Collected material:
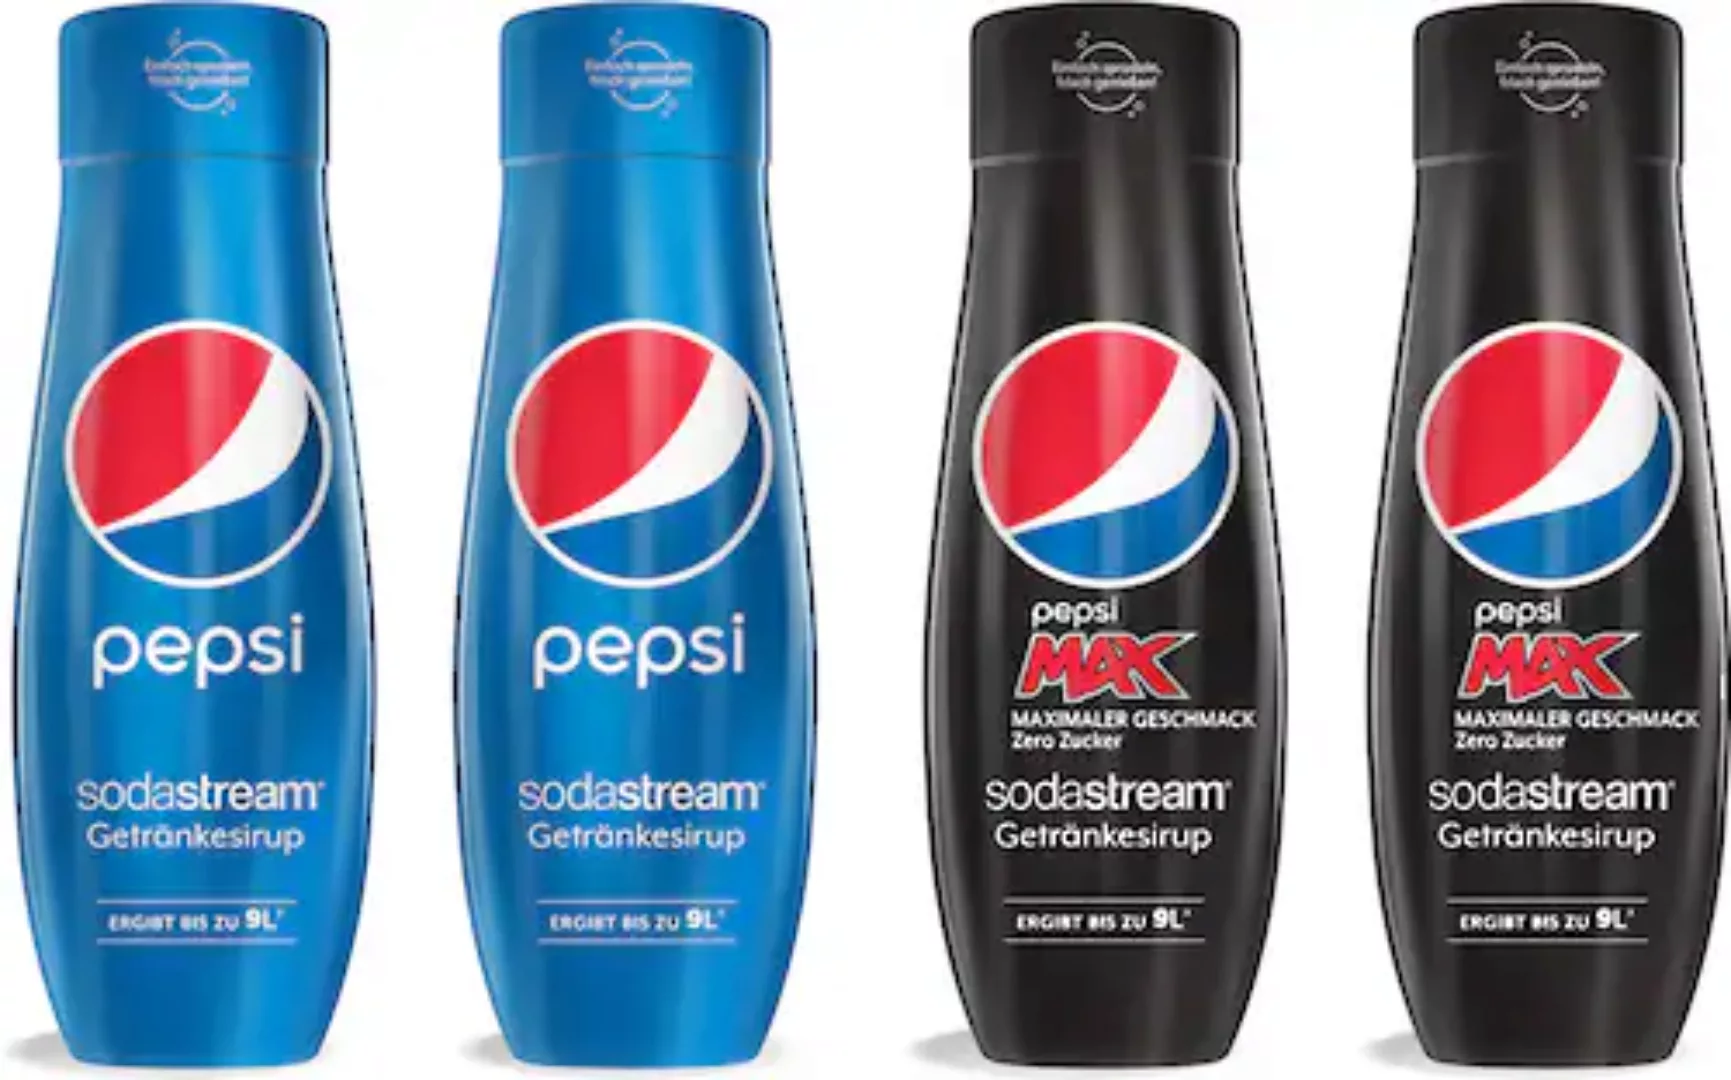 SodaStream Getränke-Sirup, Pepsi & PepsiMax, (4 Flaschen) günstig online kaufen
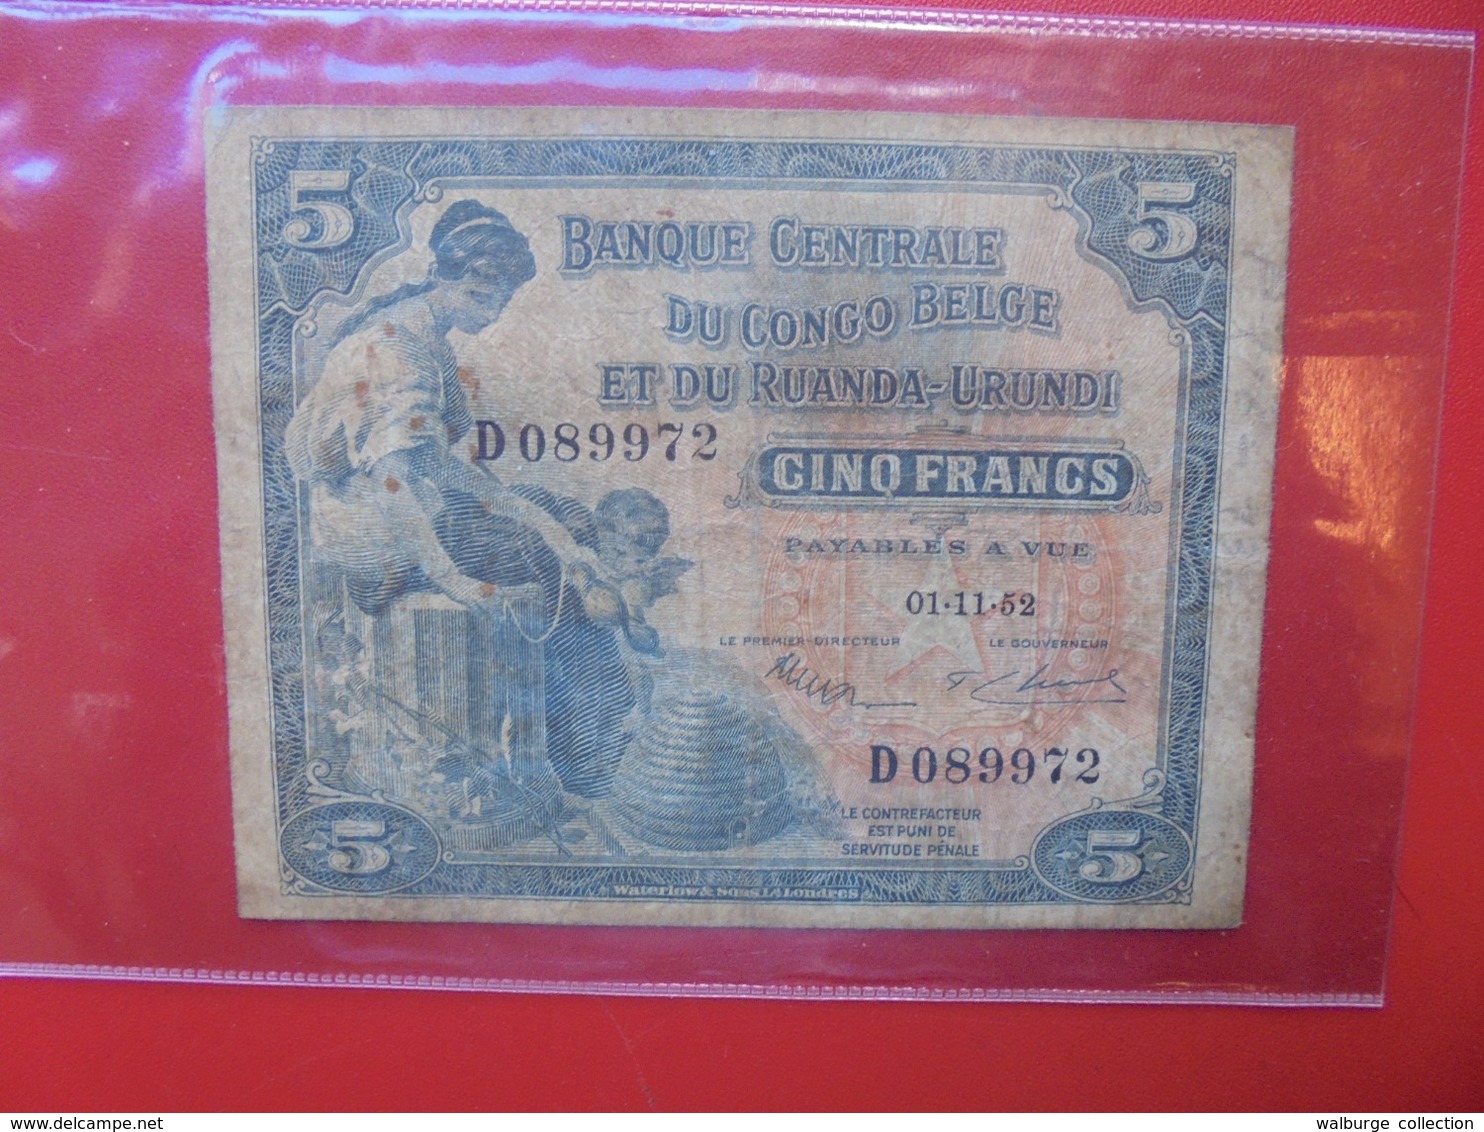 CONGO BELGE 5 FRANCS 1952 CIRCULER  (B.7) - Bank Van Belgisch Kongo
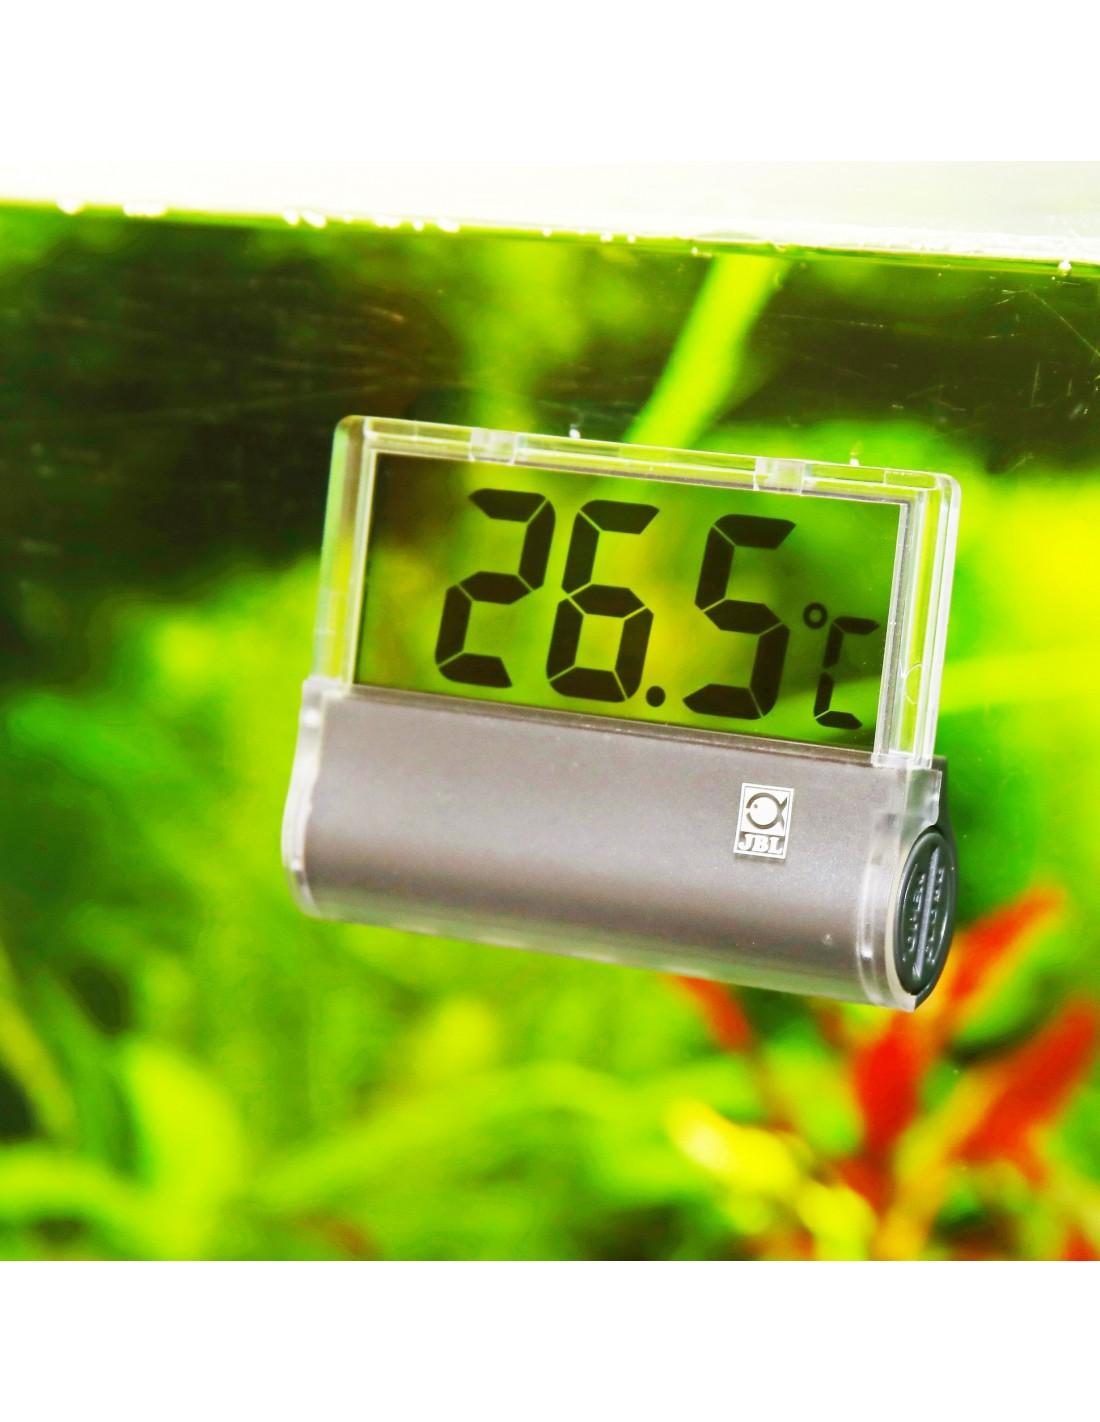 Thermomètre digital à pile pour aquarium d'eau douce ou d'eau de
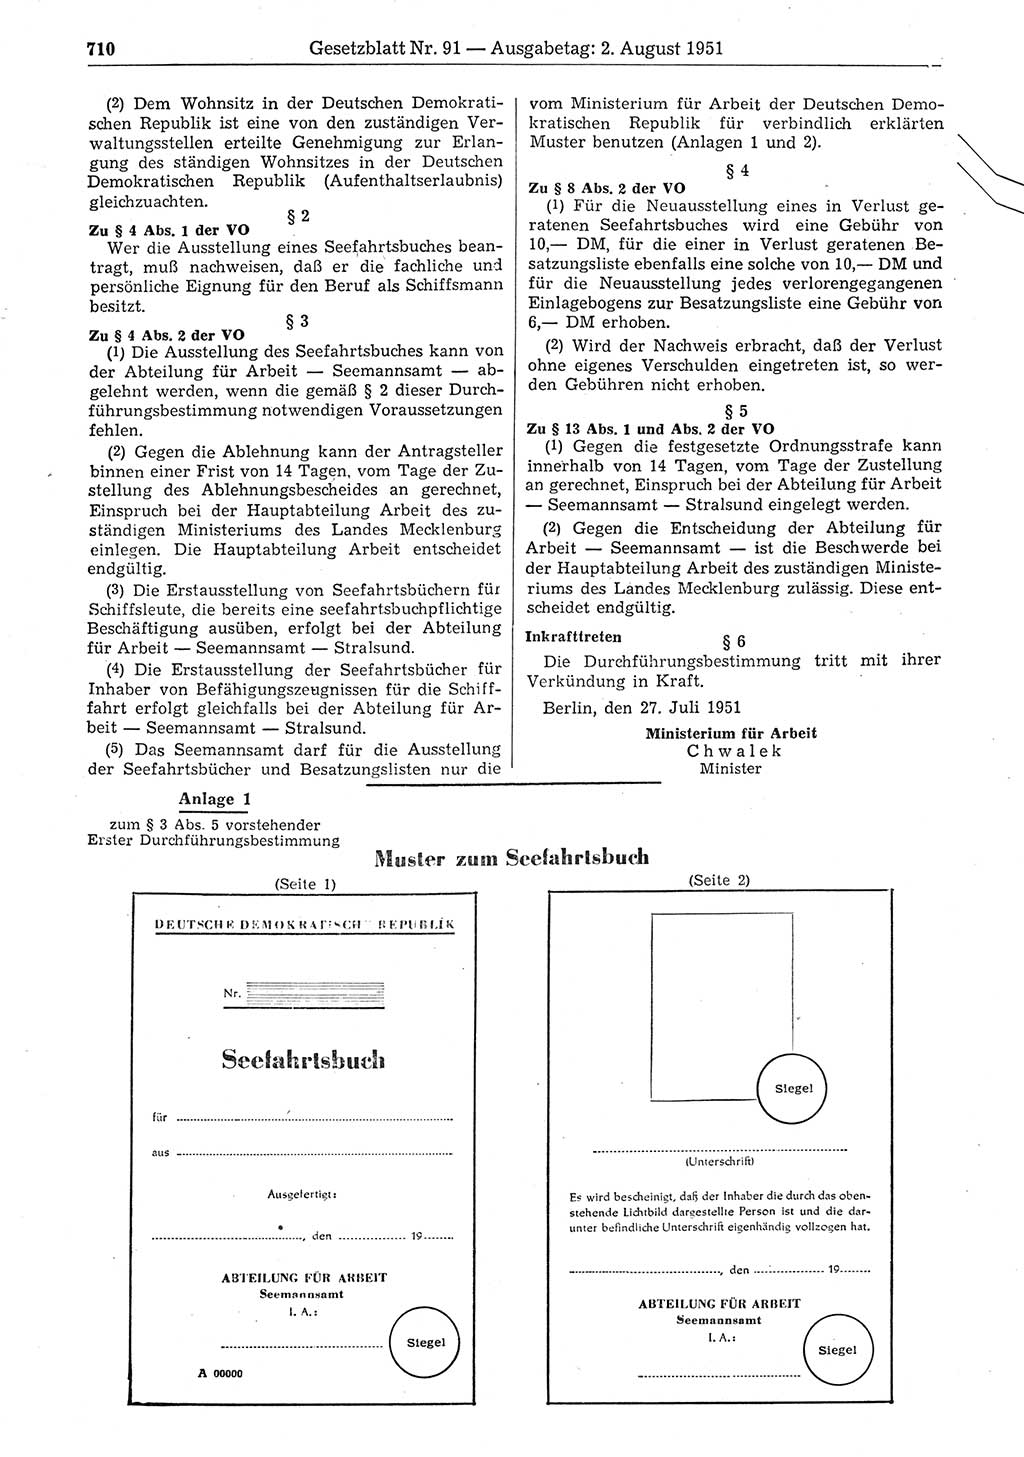 Gesetzblatt (GBl.) der Deutschen Demokratischen Republik (DDR) 1951, Seite 710 (GBl. DDR 1951, S. 710)

Task brief:
Only the lines from the one containing "CONGO BELGE 5" through the end of the data above are to be output, exactly and without pictures.

Response to this exercise:
 CONGO BELGE 5 FRANCS 1952 CIRCULER  (B.7) - Bank Van Belgisch Kongo
 Thermomètre digital à pile pour aquarium d'eau douce ou d'eau de
 Gesetzblatt (GBl.) der Deutschen Demokratischen Republik (DDR) 1951, Seite 710 (GBl. DDR 1951, S. 710)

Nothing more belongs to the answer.